Вместо этого я, как часто в детстве, блокирую ее приоткрывшуюся ко мне дверь и напираю со своей стороны полным сумбуром чувств об ушедшем дяде, куда включено все, кроме собственно утраты, которую я и в отношении мамы расчувствовала не сразу. Мы вспоминаем самую детскую – а потому неподконтрольную взрослому человеку – боль: про то, как дядя Веня собрался с мужскими силами и, будто заемный отец, отправился с мамой встречать меня из первого и единственного в моей жизни горного похода, оставившего мне большой рюкзак, с которым я моталась в Европу и на форумы молодых писателей в Липки, спальник с пенкой и долгие годы не заживавшую травму. В походе у меня не сложилось общение со спутниками и вообще все пошло против моих ожиданий от компанейской прогулки в лесах – пожалуй, сейчас я бы оценила возможности той поездки, и она прошла бы глаже, но, если бы не обожглась тогда, боюсь, в принципе бы не научилась ценить. И вот меня встречают два человека, которых мне не хватало призвать в походе, чтобы разрулить непонятные трения с насмешливыми спутницами и узнать, как действовать, когда на тебя вот только что, в аэропорту, наорала из-за неразберихи с чемоданами и каталками твоя бывшая одноклассница, с которой мы уютно просидели несколько лет математики и английского, да горный маршрут рассадил. Только став мамой и впервые раздражаясь на того, кто передо мной беззащитен, я глубоко пойму главное утешилово, которое подгоняют психологи обиженным клиентам: люди срываются от бессилия, не бери на свой счет. Тогда же я вываливаюсь из аэропорта окончательно раздавленная, будто горная букашка туристическим рюкзаком, с одним желанием – немедленно уткнуться в маму и поплакать, но при дяде приходится держаться и дергаться, а он тоже не знает, что люди срываются от бессилия, и берет на свой счет, и счет тот подлиннее моего, и вот торжественная встреча родных подмочена, медные трубы хрипят от залившей их грусти.

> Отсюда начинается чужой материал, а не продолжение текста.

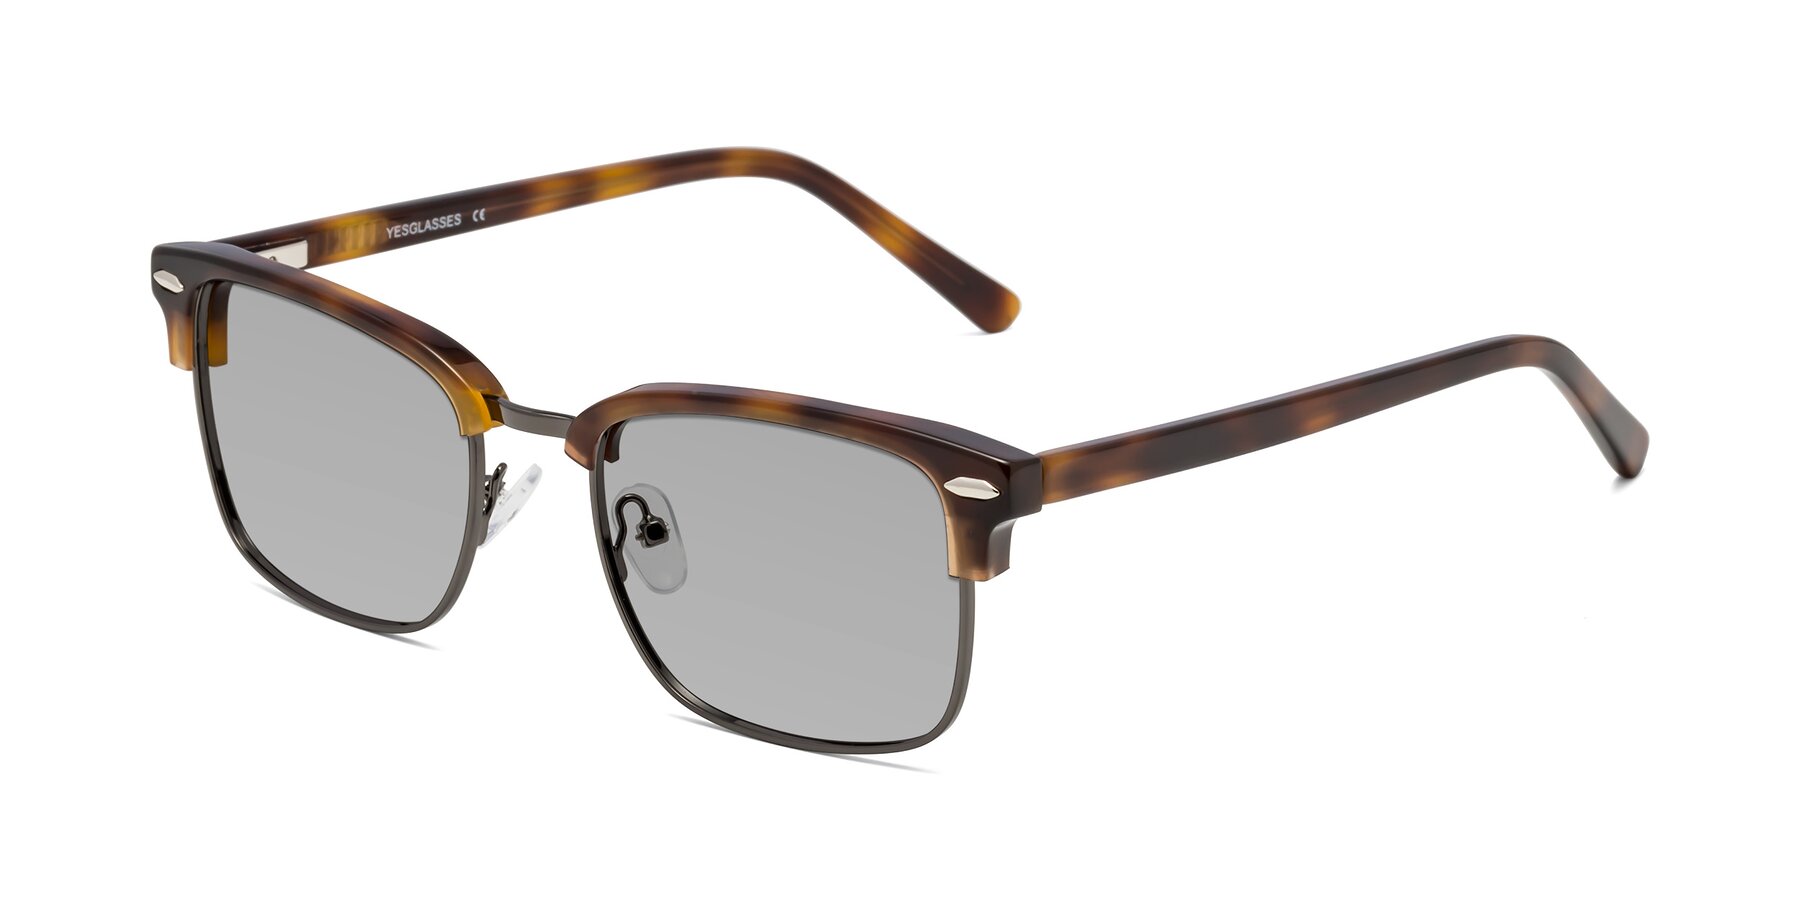 Angle of 17464 in Tortoise/ Gunmetal with Light Gray Tinted Lenses

И надо же было, чтобы именно в это лето мне подвернулись фотографии моих давних спутниц из нового похода в дивной плюшево-зеленой траве алтайского плоскогорья, с подписью моей одноклассницы, на этот раз, видимо, набравшейся в дороге сил для радости: она писала, что здесь, в зеленом раю коней, отчетливо внимает голосу, раздающемуся отовсюду: «Я тебя слышу. И я тебя люблю».

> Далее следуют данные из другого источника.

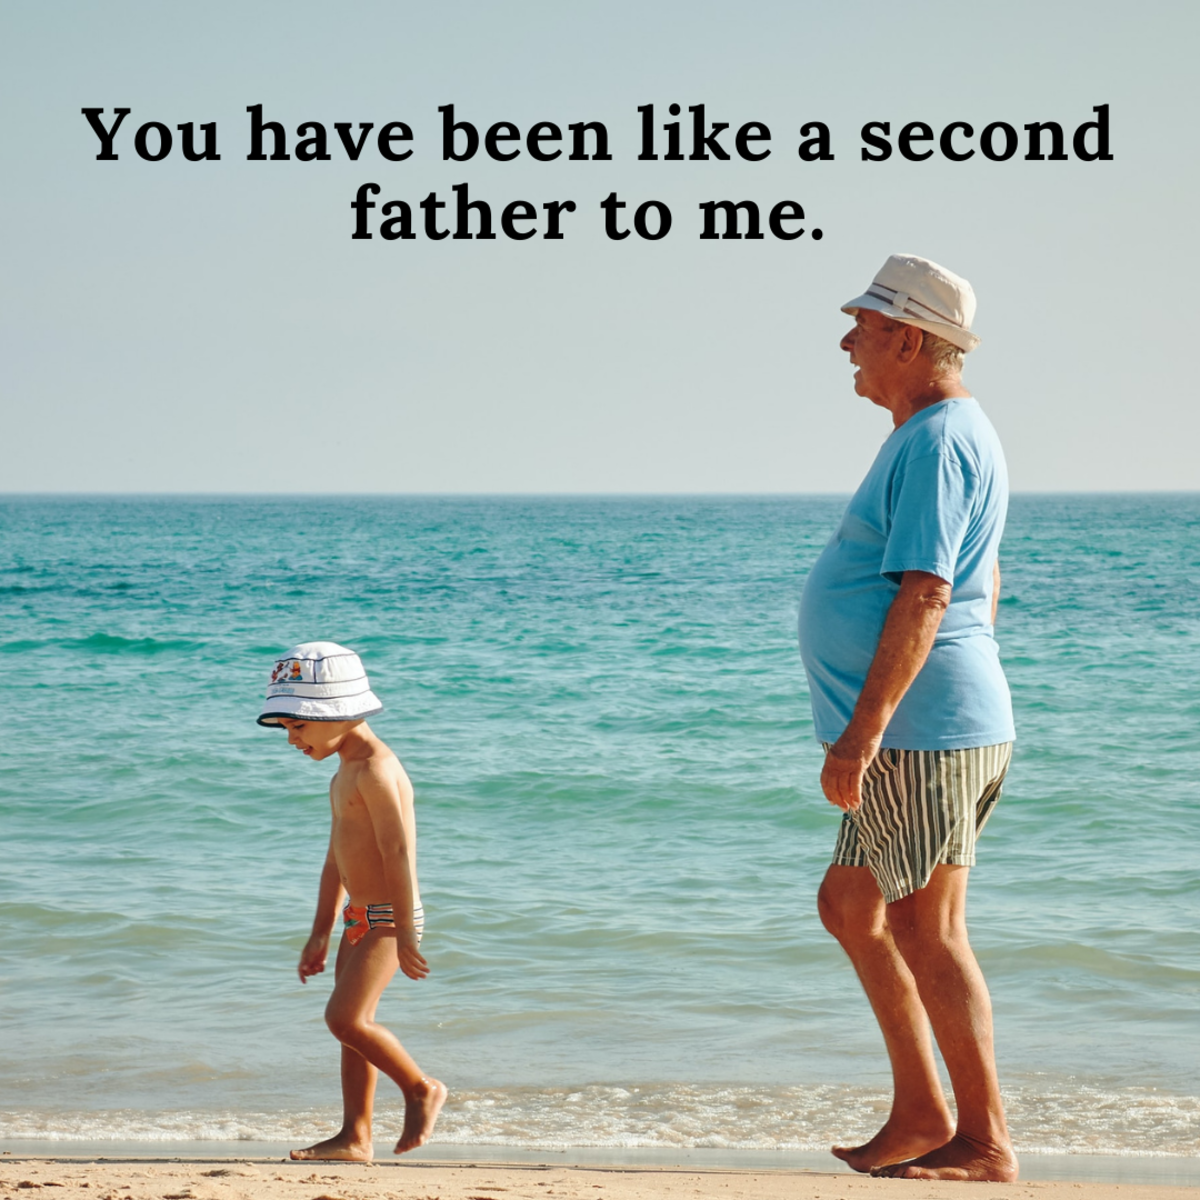 If your grandpa means a lot to you, wish him a happy Father's Day!

Психолог мне потом скажет, что зависть – лучший контролер уровня счастья, но плохой навигатор: подсказывает, чего сейчас не хватает, но не говорит, куда за этим бежать. На плоскогорье раздавали глас Божий, над плоскогорьем разливалась безусловная Божья любовь, и я несколько дней отпуска посвящаю прениям с мамой, обиженной тем, что я рвусь от лучшего, что она и жизнь мне дают сейчас, к каким-то чужим людям, в какие-то чужие места. Я помню, что на будущее лето собираюсь быть уже не в том положении, чтобы ехать на лето в горы – ни за конями на Алтай, ни хорошо кушать к бабушке. И отчаиваюсь, что место встречи с Богом, который бы меня вот так, в голос, слышал и любил, откладывается на неопределенно долгий срок. И негодую, что все внимание Бога сейчас достается не мне, а людям, в связи с которыми я и мой дядя так глубоко захлебнулись грустью.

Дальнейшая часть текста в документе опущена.